Its fall was inevitable, but the economic crisis will shrink the last pretenses of empire faster than anyone expected.
Even in the decades after it lost its empire, Britain strode the world like a pocket superpower. Its economic strength and cultural heft, its nuclear-backed military might, its extraordinary relationship with America—all these things helped this small island nation to punch well above its weight class. Now all that is changing as the bills come due on Britain's role in last year's financial meltdown, the rescue of the banks, and the ensuing recession. Suddenly, the sun that once never set on the British Empire is casting long shadows over what's left of Britain's imperial ambitions, and the country is having to rethink its role in the world—perhaps as Little Britain, certainly as a lesser Britain.
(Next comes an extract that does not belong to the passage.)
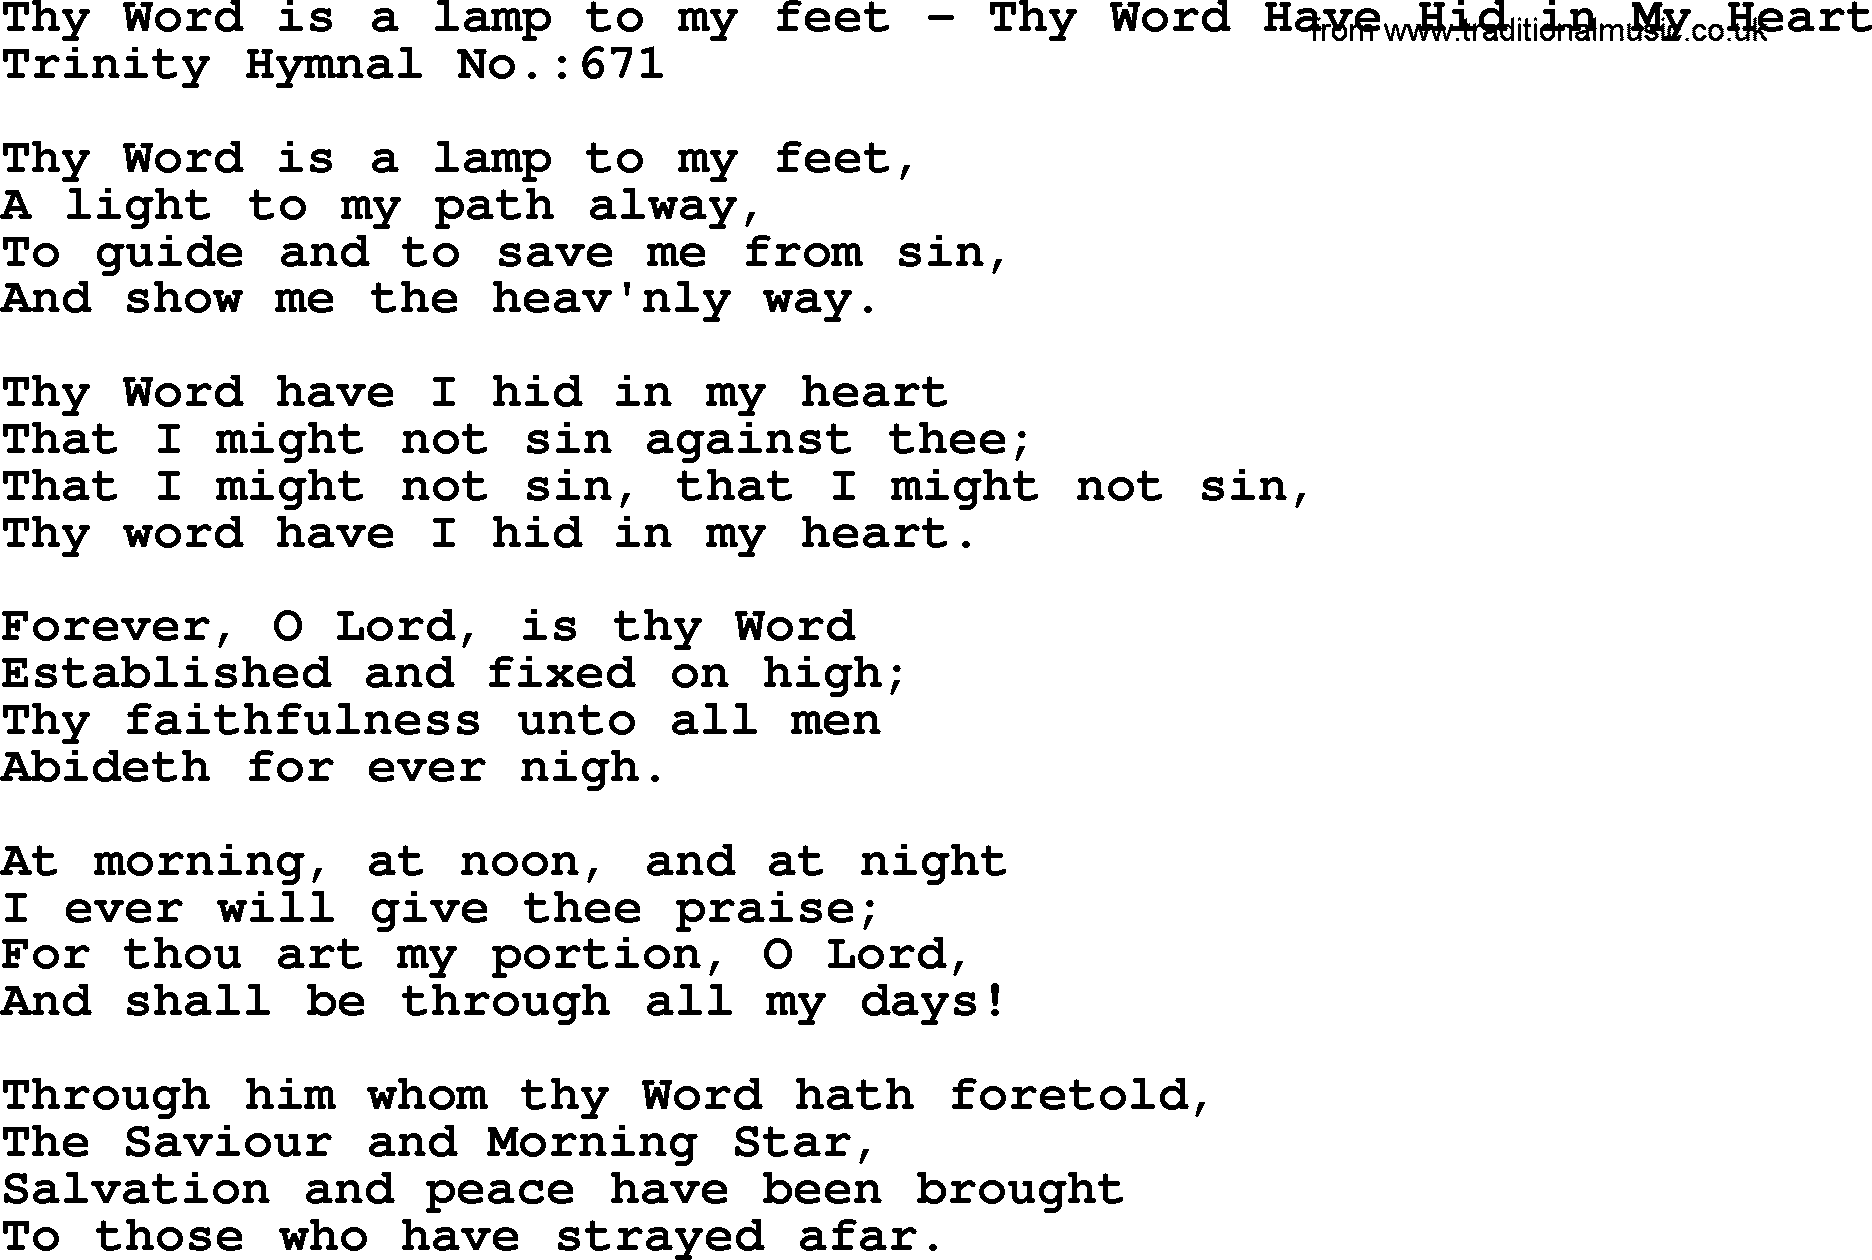 Trinity Hymnal Hymn: Thy Word Is A Lamp To My Feet--Thy Word Have Hid In My Heart, lyrics with midi music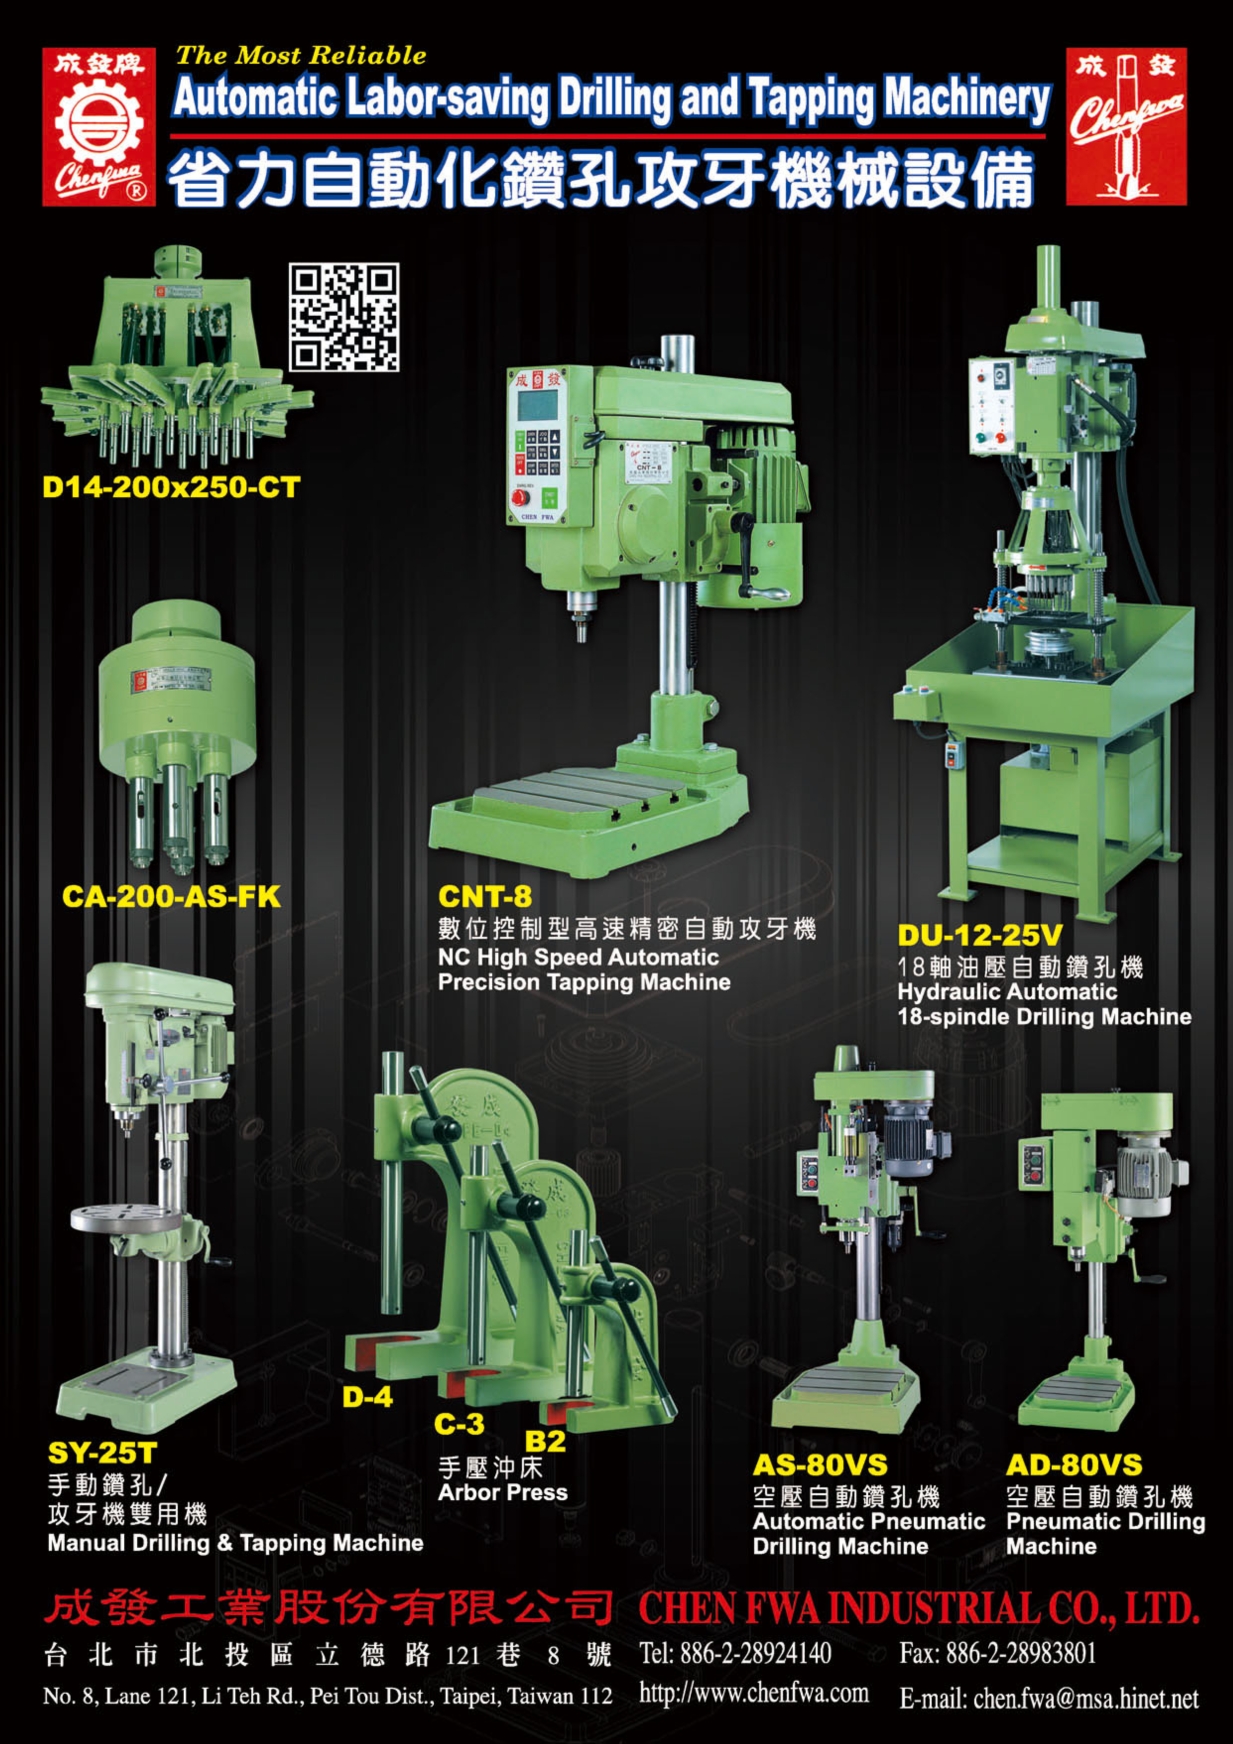 Who Makes Machinery in Taiwan CHEN FWA INDUSTRIAL CO., LTD.

This is a watershed moment for the United Kingdom. The country's public debt is soaring, possibly doubling to a record high of 100 percent of GDP over the next five years, according to the International Monetary Fund. The National Institute for Economic and Social Research forecasts that it will take six years for per capita income to reach early-2008 levels again. The effects will cascade across government. Budgets will be slashed at the Ministry of Defense and the Foreign and Commonwealth Office, affecting Britain's ability to project power, hard and soft. And there's little that can be done to reverse the trend, either by Prime Minister Gordon Brown or by the incoming government of David Cameron's Conservatives, assuming they win a general election that must be held within the next 10 months. As William Hague, Cameron's deputy and shadow foreign secretary, said in a recent speech: "It will become more difficult over time for Britain to exert on world affairs the influence which we are used to."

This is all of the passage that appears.